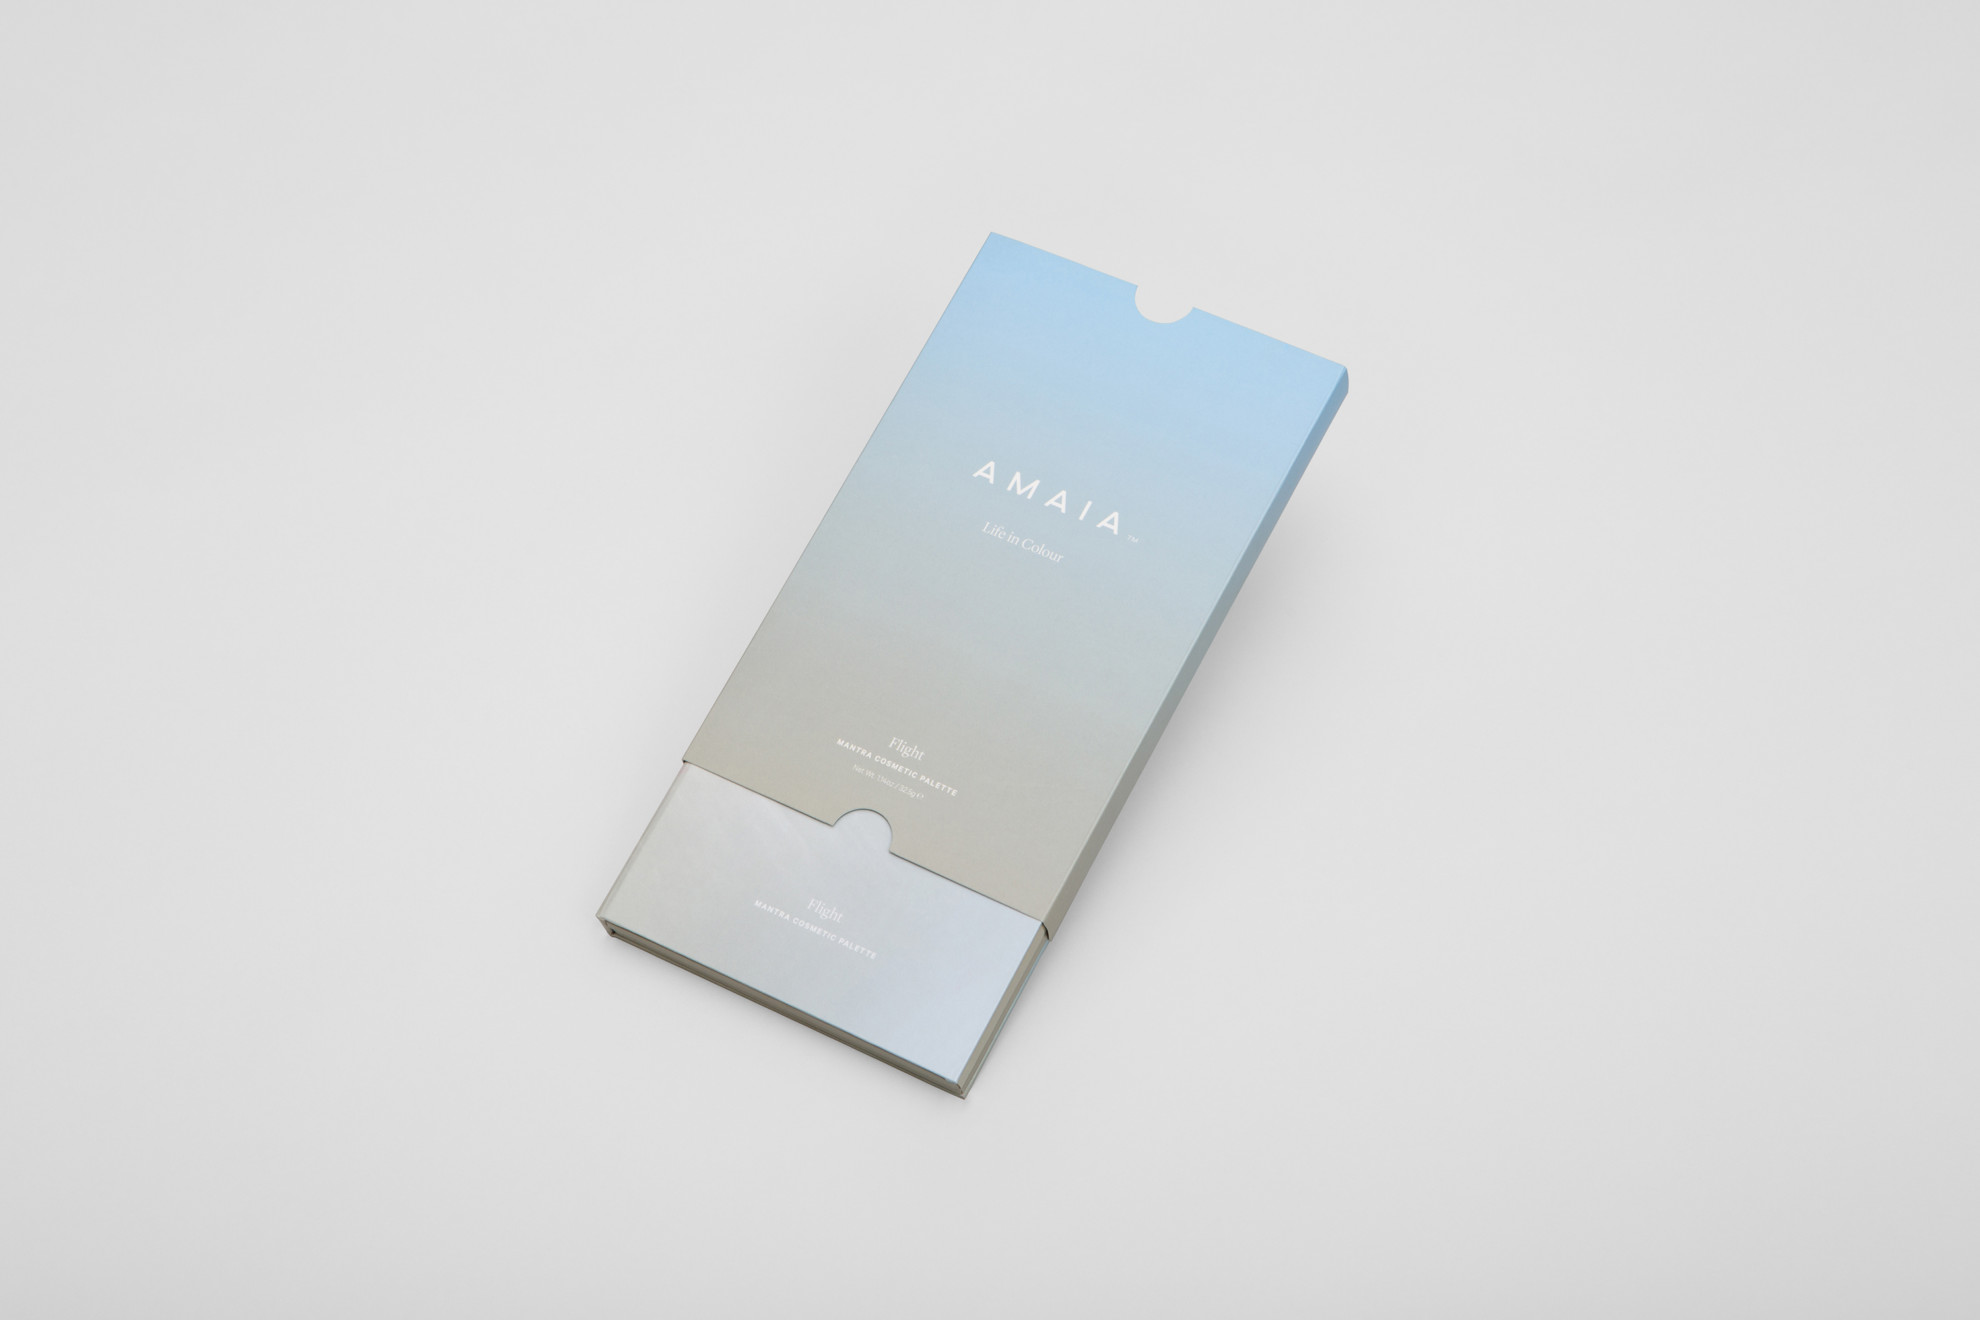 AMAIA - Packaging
---
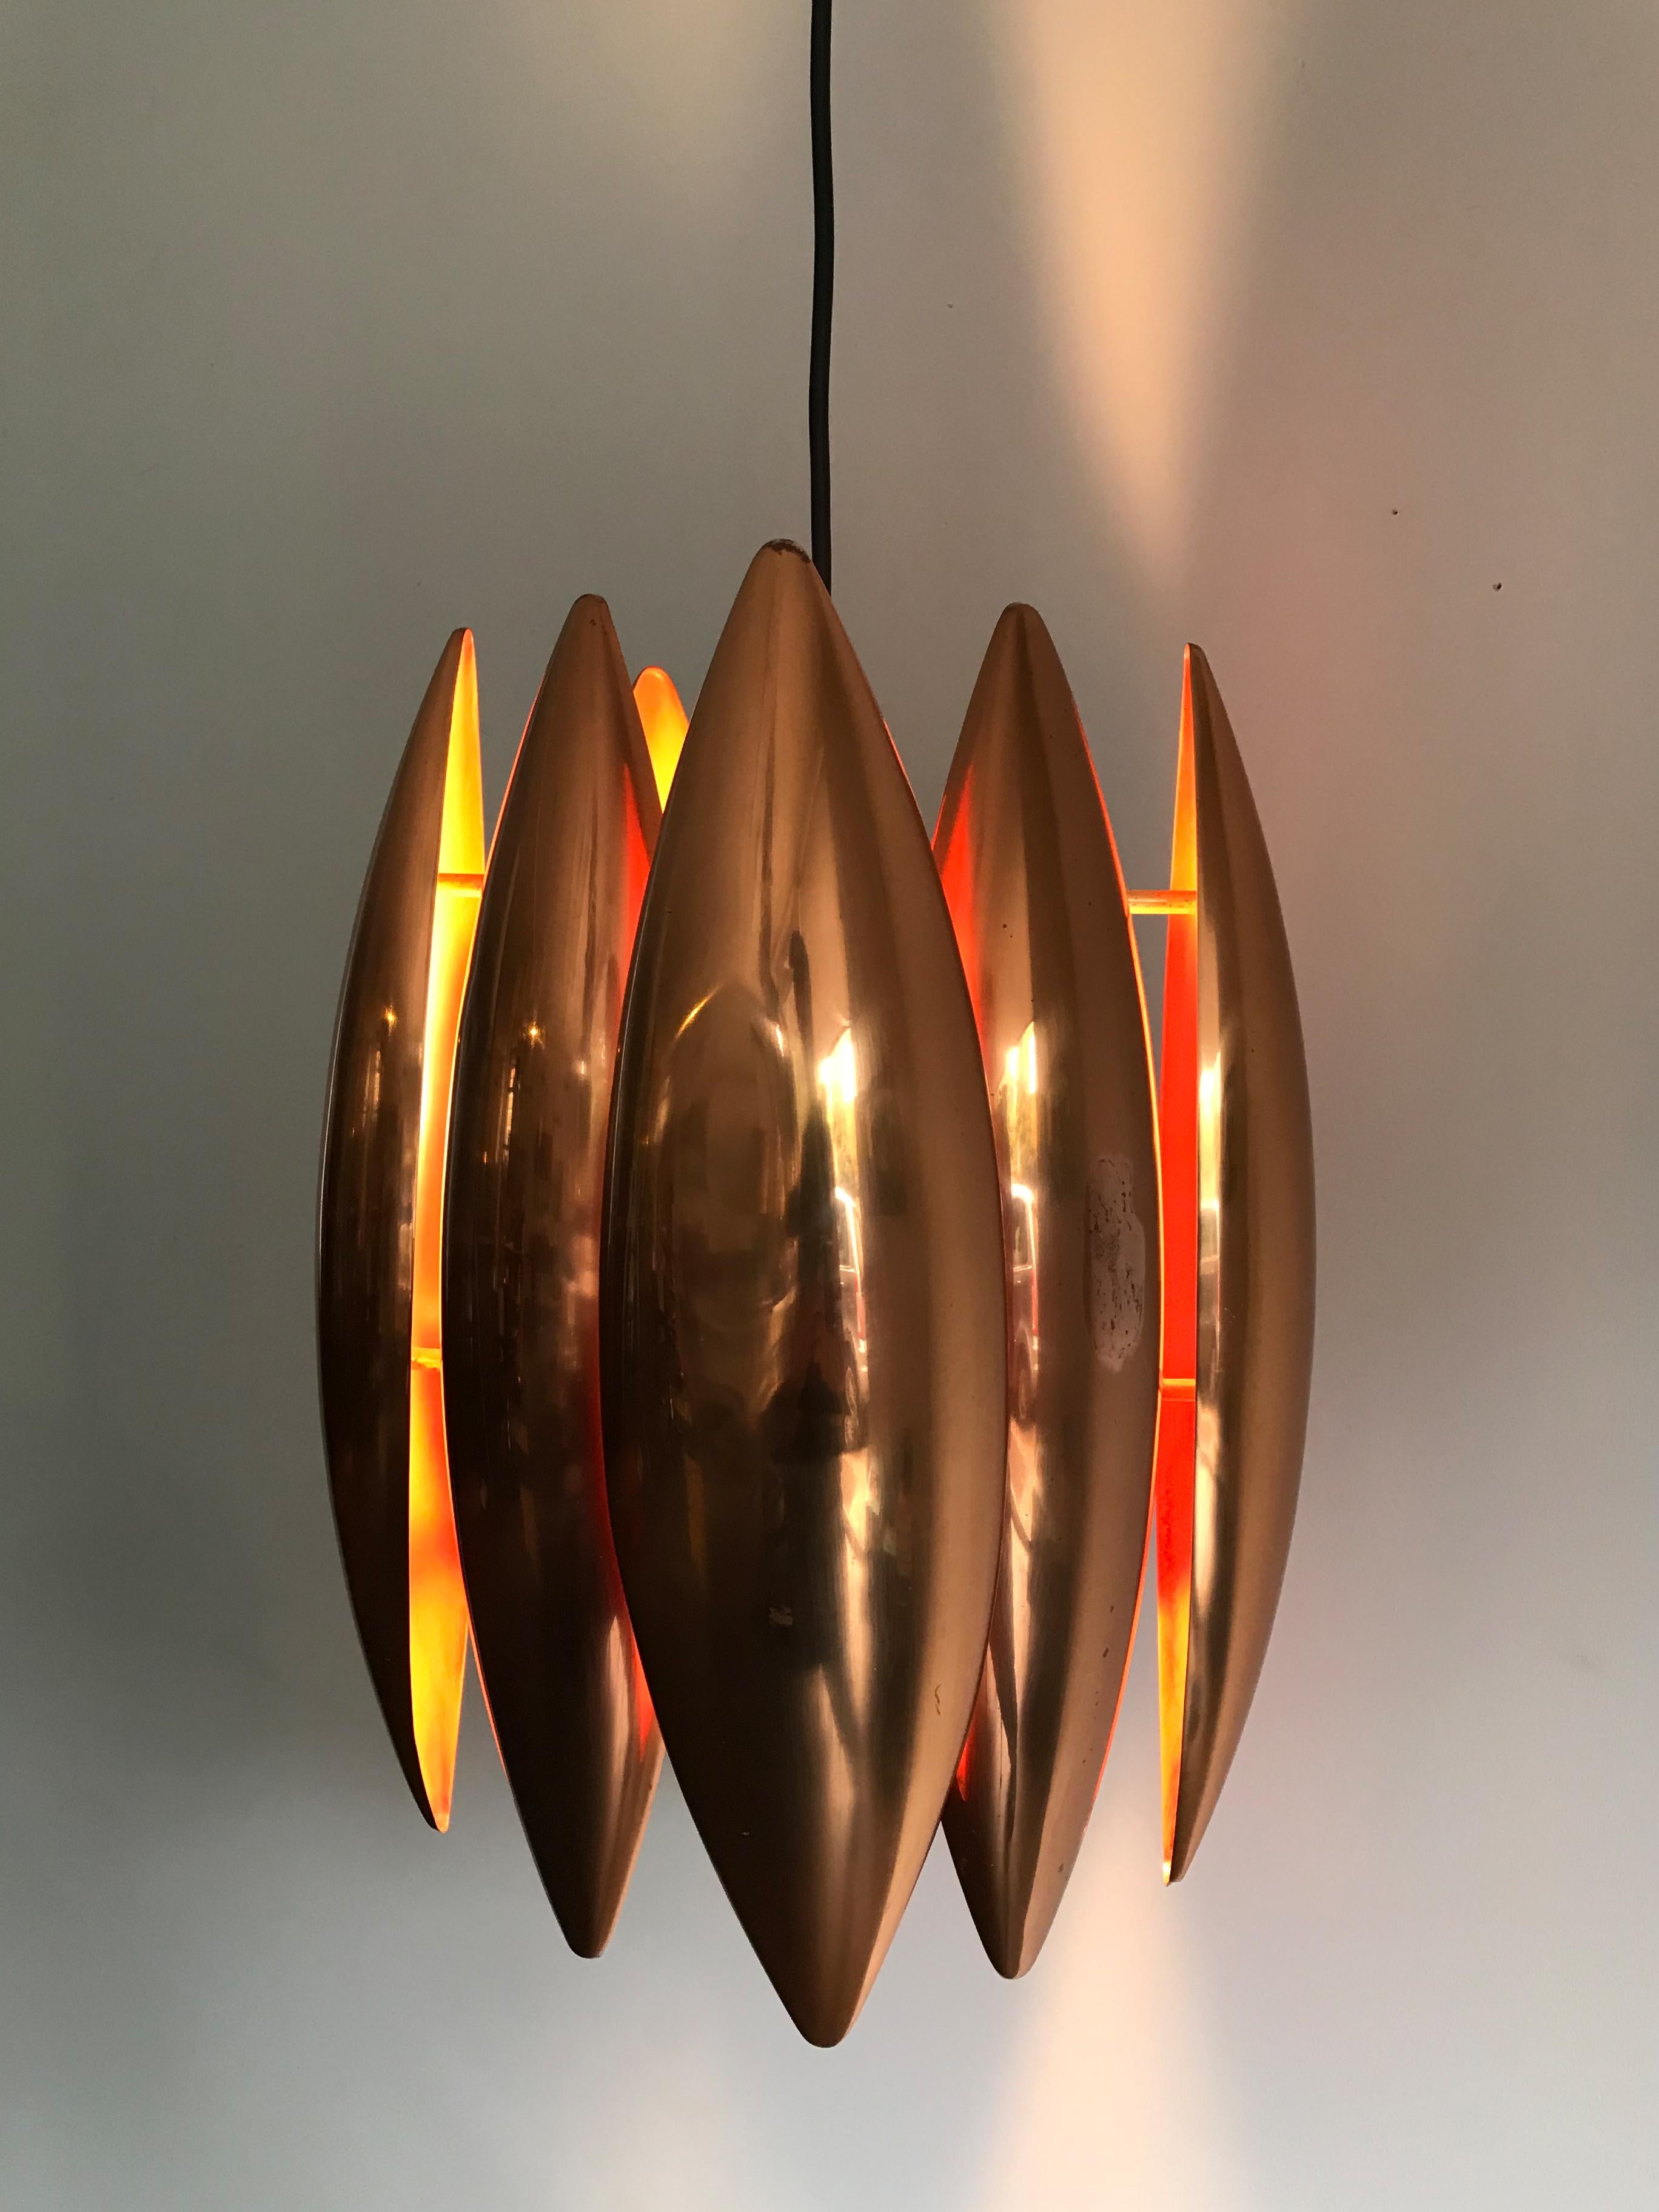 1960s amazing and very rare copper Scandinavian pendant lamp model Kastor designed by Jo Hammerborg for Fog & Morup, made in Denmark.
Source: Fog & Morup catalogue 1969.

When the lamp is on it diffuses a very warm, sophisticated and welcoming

Exercise: Only the lines between the one with "1960s amazing and" and the one with "When the lamp", those two included, get copied from the material above. Keep it exact and free of pictures.

Result:
 1960s amazing and very rare copper Scandinavian pendant lamp model Kastor designed by Jo Hammerborg for Fog & Morup, made in Denmark.
Source: Fog & Morup catalogue 1969.

When the lamp is on it diffuses a very warm, sophisticated and welcoming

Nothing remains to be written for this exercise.